The measurement procedures were similar to those described in our previous study [18]. Whole-body DXA scans were conducted in the supine position, ensuring the inclusion of the entire body. Participants were instructed to extend their arms to the side sufficiently to allow clear separation from the trunk, and to keep their legs apart to avoid any contact. They were instructed to adopt a position where the palms and soles faced the ground while ensuring that the body did not rotate. During the scanning process, patients were instructed to minimize voluntary muscle contractions and not to correct their posture for several minutes. A familiar caregiver was present beside them. Restraint mats were employed for patients facing challenges in maintaining their posture. We obtained scan results for all participants using the Prodigy densitometer (GE Healthcare, Madison, WI, USA). The LBM of the upper and lower extremities was determined by subtracting the mass of fat and bone tissues from the total tissue mass using Encore version 14.1 software (GE Healthcare) [13,14,15,16,17,18]. The initial partitioning was automatically generated by the software, dividing the body into parts such as the head, both arms, the trunk, both legs, and gonads. For precise partitioning, manual adjustments were made by the technician. Anatomical landmarks were utilized for this purpose. For the measurement of the lower extremities, a line was drawn perpendicular to the axis of the femoral neck, defining the range from this line to tips of the toes. For the upper extremities, a line was drawn connecting the humeral articulation in both shoulder joint sockets, defining the range from this line to the fingertips (Figure 1).

2.4. Statistical Analysis

All statistical analyses were performed using IBM SPSS (version 29.0, IBM Corporation, Armonk, NY, USA). Group variables and extremity LBM are expressed as mean (±standard deviation). Baseline clinical characteristics, including age, height, body weight, body mass index, extremity LBM, and the LBM ratio for total extremities, were compared between groups using independent t-tests to identify any significant differences. Additionally, LBM results were categorized by GMFCS level and compared between upper and lower extremities within each level through independent t-tests to ascertain differences. For subgroup analyses, we assessed LBM differences between affected and unaffected sides among unilateral CP patients and TD children. In the TD group, each side was analyzed separately—effectively considering one individual as two entities—and then compared with the CP group. A p < 0.05 was considered statistically significant.

3. Results

3.1. Participant Matching and Clinical Characteristics

The 21 children in the CP group were matched for age, sex, and body mass index with 21 TD children (10 males and 11 females each). There were no significant differences in mean age, height, body weight, and body mass index between the two groups (Table 1). In the CP group, all children were classified as ambulatory according to the GMFCS by age, with 13 children at level I, 5 at level II, and 3 at level III. Additionally, the MACS scores indicated that all children were reasonably adept at manual tasks, with 17 children at level I and 4 at level II. Moreover, 8 patients exhibited unilateral and 13 showed bilateral subtypes. Eleven children had received botulinum toxin injection treatment (but not in the previous 6 months), with eight having received a single injection and three having received two injections. They all underwent injections in the lower extremities, with six children receiving injections on both sides and five receiving injections on one side only (Table 2).
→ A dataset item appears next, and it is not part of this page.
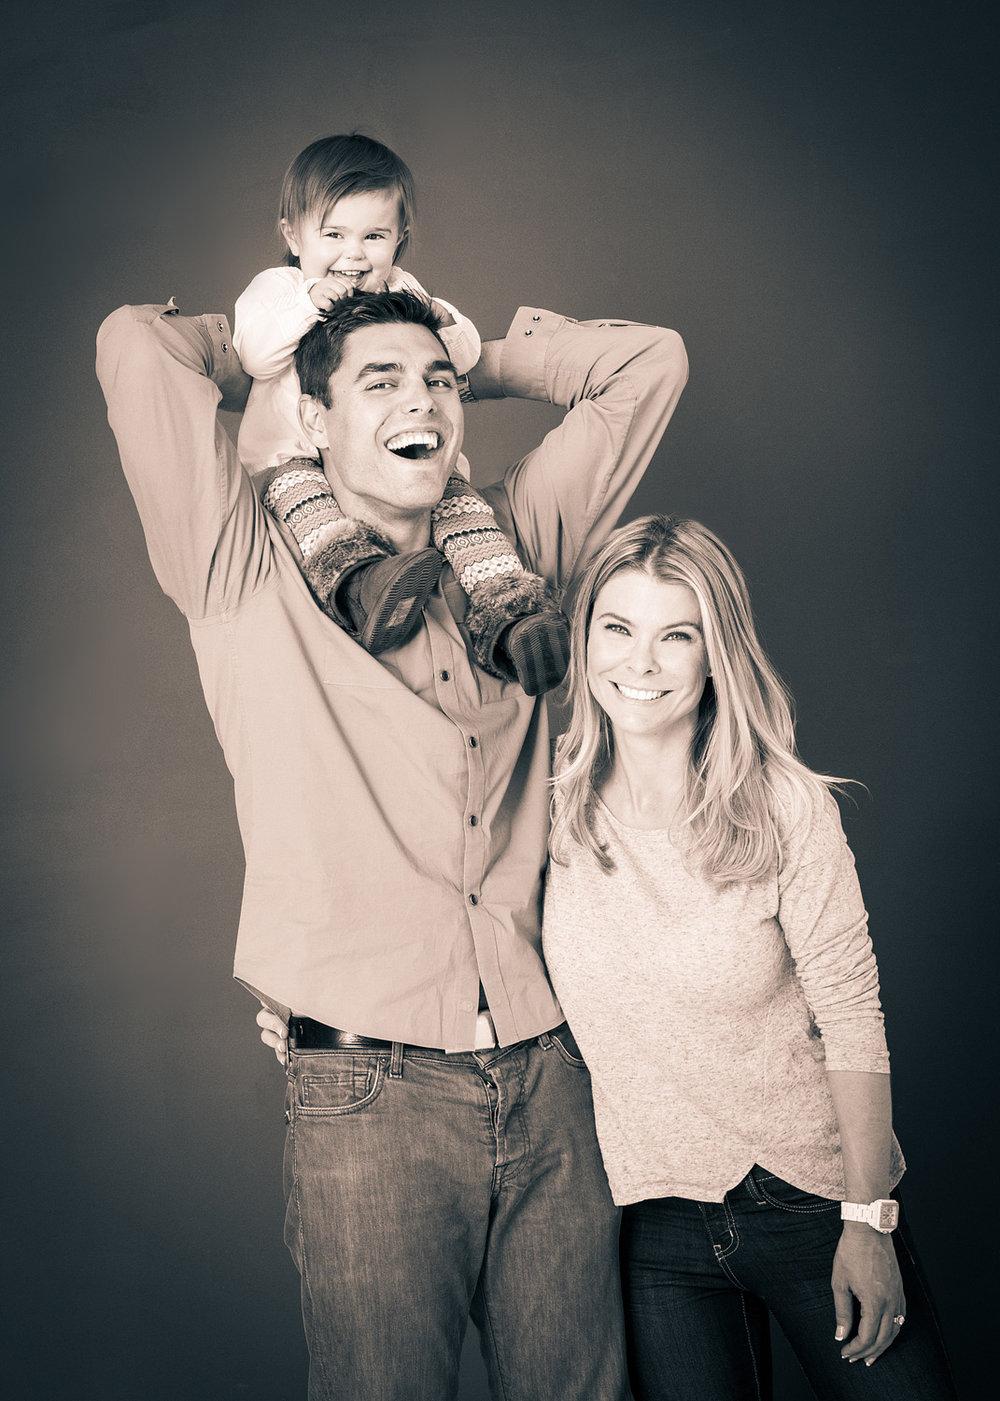 fun-family-photograph-kids-denver-co.jpg

3.2. Comparisons of Extremity LBM

The LBM of upper, lower, and total extremities and the ratio of upper and lower extremity LBM to total extremity LBM are presented in Table 3. The LBM of the upper extremities was significantly greater in the CP group than the TD group (mean [SD]: 1330.9 [403.2] g vs. 1112.6 [316.3] g, p = 0.029). The LBM of the lower and total extremities did not differ significantly between groups. However, the ratio of lower extremity LBM to total extremity LBM was significantly smaller in the CP group compared to the TD group (73.2 [4.1] % vs. 78.5 [2.2] %, p < 0.001), while the ratio of upper extremity LBM to total extremity LBM was significantly greater in the CP group (26.7 [4.1] % vs. 21.5 [2.2] %, p < 0.001). Table 4 presents the LBM values for each upper and lower extremity by GMFCS level, as well as the ratio for the total extremities. Significant differences in upper extremity LBM were observed between groups at level II (1340.6 [151.0] g vs. 1004.2 [296.8] g, p = 0.027), while no significant differences were observed at levels I and III. The lower extremity LBM did not show differences across all levels. However, the ratio of extremity muscle mass to total extremity muscle mass showed significant differences between groups at all levels.
Table 5 presents a comparative analysis of the LBM in the upper and lower extremities between the unilateral CP group (n = 8), distinguishing between affected and unaffected sides, and the TD group. Although the LBM of the unaffected side’s upper extremity was relatively greater than that of the affected side, there was no statistical significance when compared to the children with TD [612.4 g (affected) versus 649.8 g (TD) and 658.9 g (unaffected) versus 640.0 (TD)]. Likewise, for the lower extremity LBM, no significant differences were found when compared to the TD group on either side.

4. Discussion

In the present study, we quantitatively compared the upper and lower extremity muscle mass of children with CP using DXA, matched for gender, age, and body mass index with TD children. We utilized LBM calculated from DXA measurements as a method for quantification. The LBM of the upper extremities was higher in children with CP compared to TD children, and the difference was significant in the GMFCS level II group. There was no significant difference in the LBM of the lower extremities between the CP and TD groups. The ratio of upper extremity LBM to total extremity LBM was significantly higher in the children with CP, while the ratio of lower extremity LBM to total extremity LBM was significantly lower across all GMFCS levels in the CP group.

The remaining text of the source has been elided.